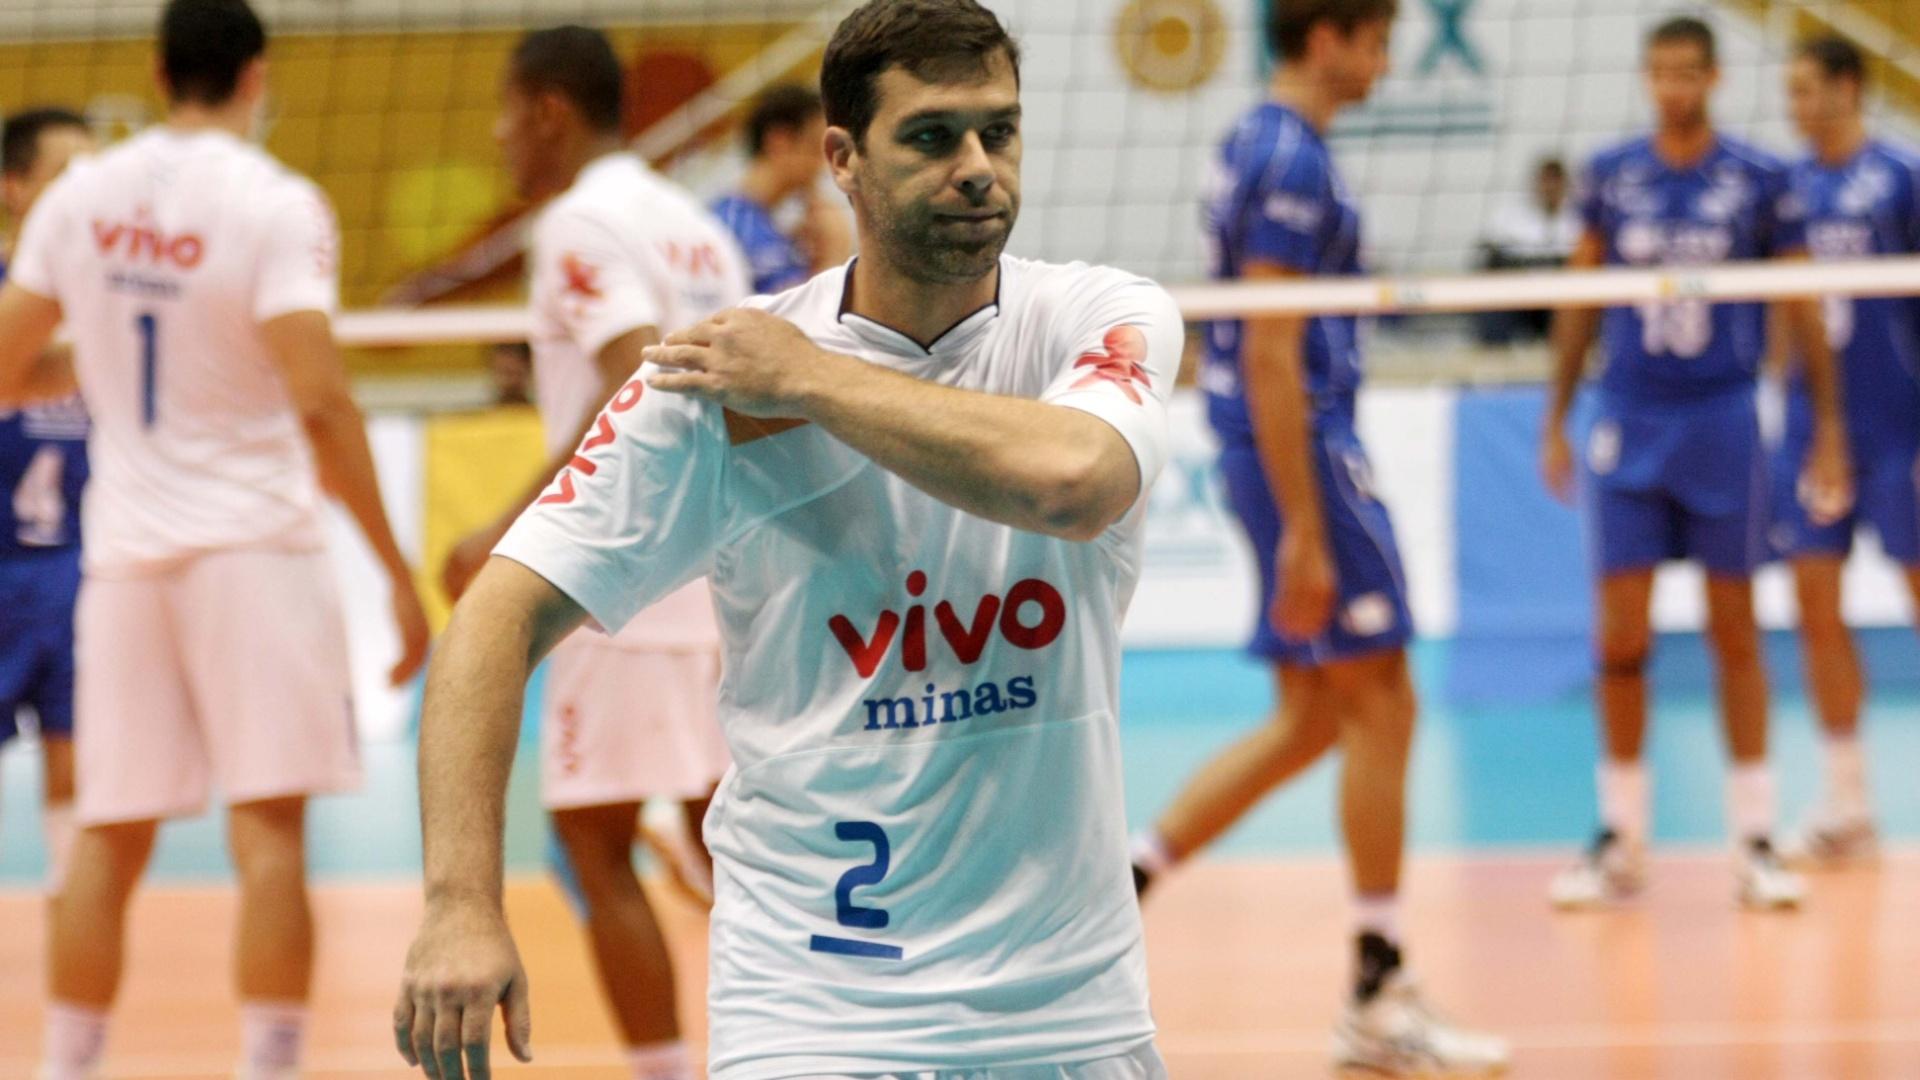 Antes de chegar ao Sesi-SP, Marcelinho passou pelo Minas, clube no qual ficou por três temporadas
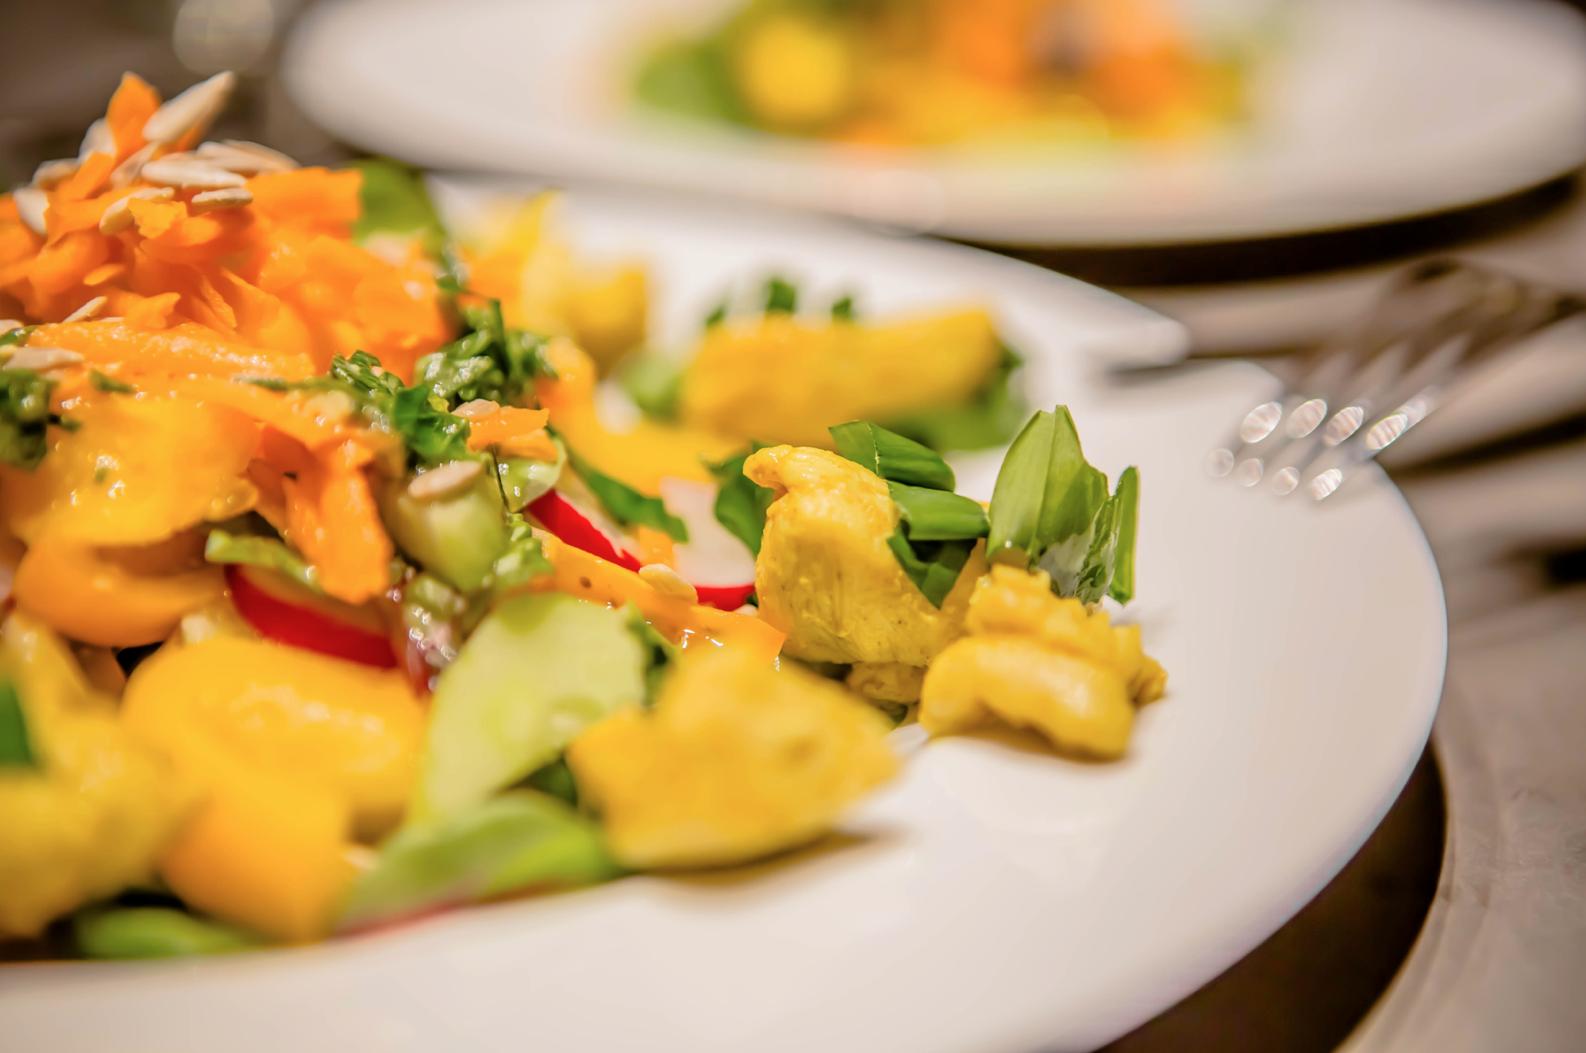 Mangoldsalat mit Hähnchenfilet und schöner Farbgebung in Gelb und Grün
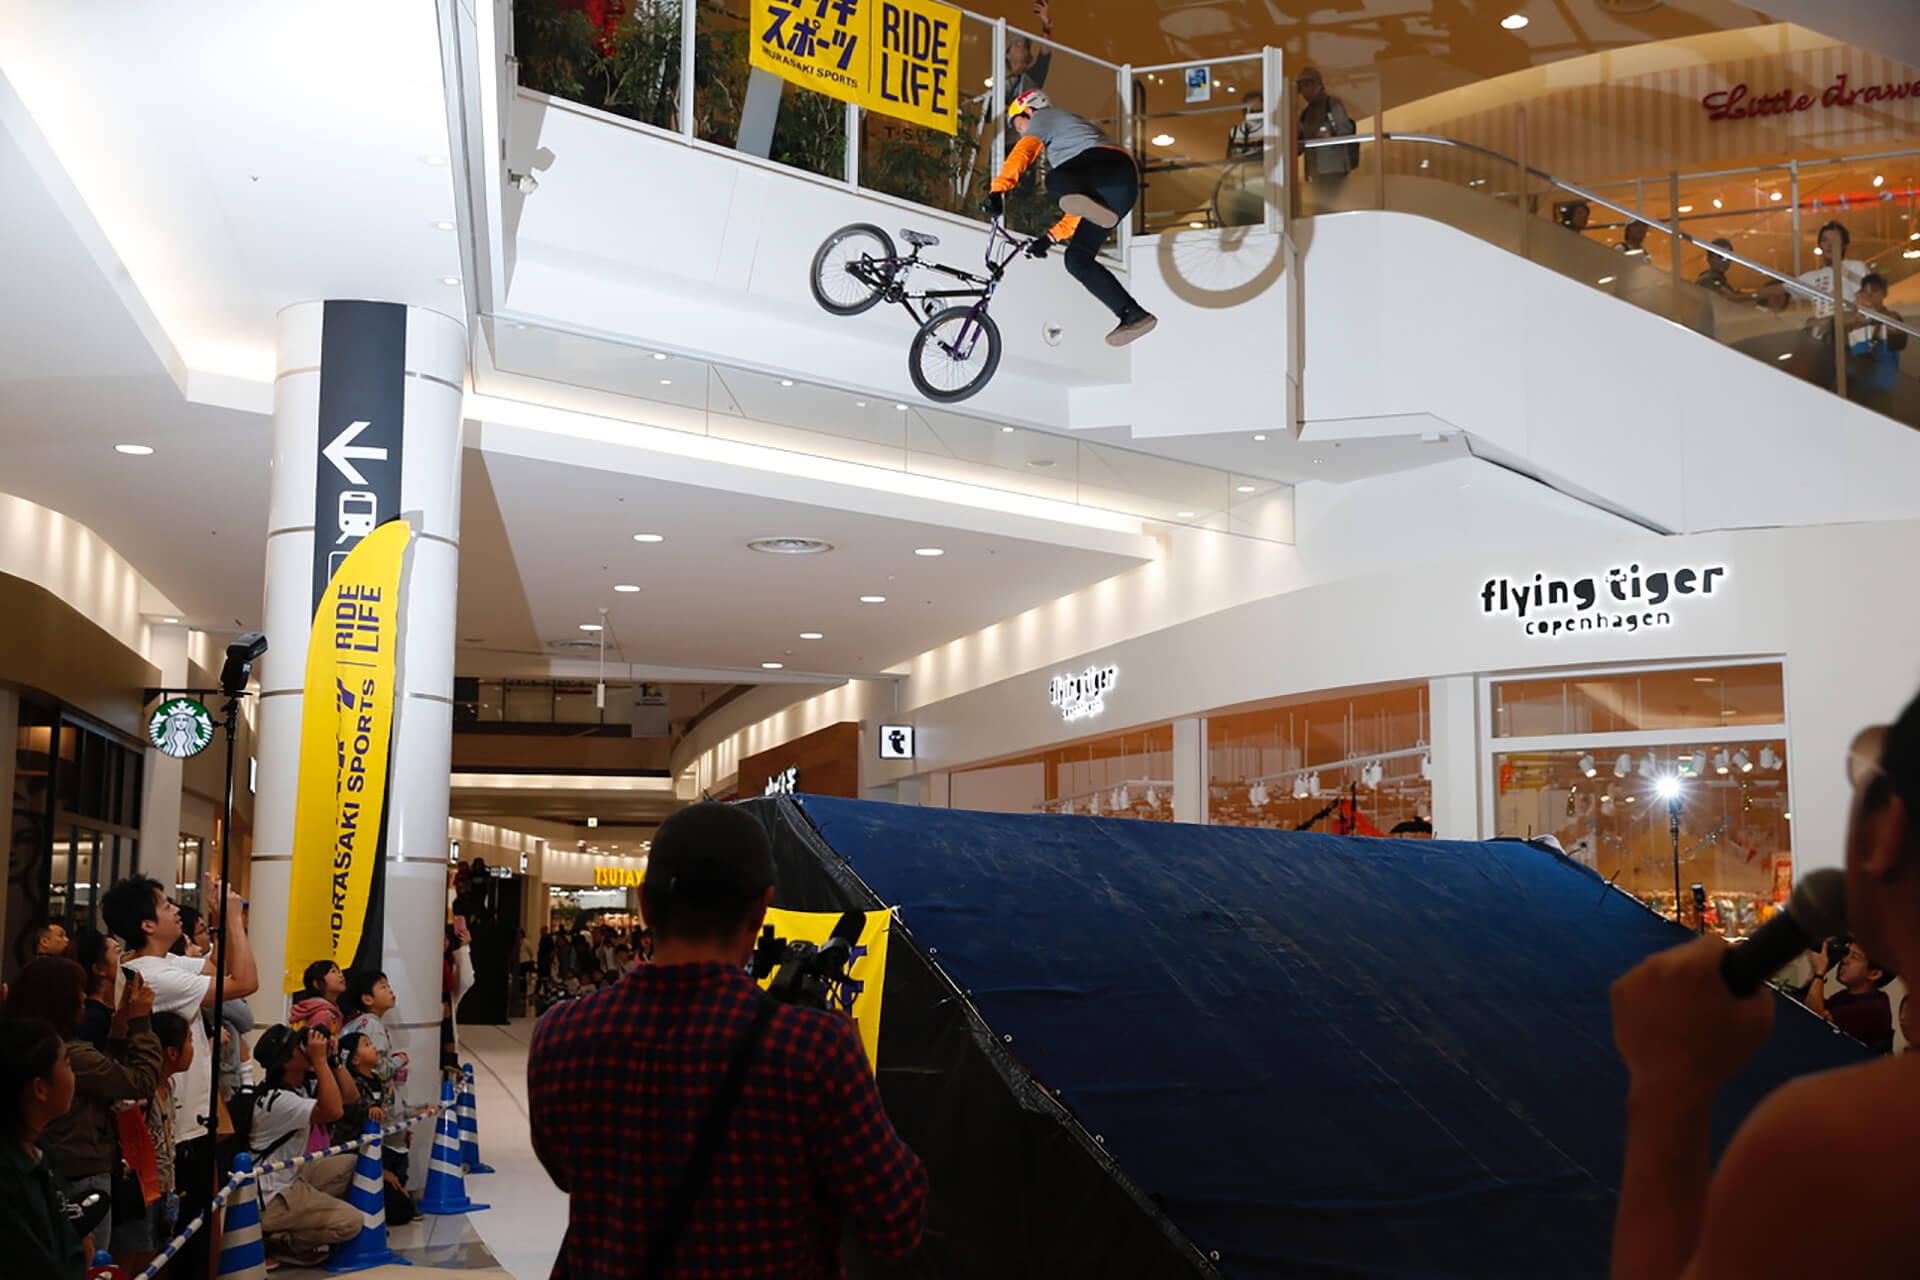 この写真は越谷イオンレイクタウンにて、 スケートボード&BMXスペシャルパフォーマンスショーのパフォーマンスの様子。バイクが空を舞っている様子です

**INSTRUCTIONS FOR THE TASK**
Word for word, print the material above, but without its pictures.

**SOLUTION TO THIS PROBLEM**
 Antes de chegar ao Sesi-SP, Marcelinho passou pelo Minas, clube no qual ficou por três temporadas
 Mangoldsalat mit Hähnchenfilet und schöner Farbgebung in Gelb und Grün
 この写真は越谷イオンレイクタウンにて、 スケートボード&BMXスペシャルパフォーマンスショーのパフォーマンスの様子。バイクが空を舞っている様子です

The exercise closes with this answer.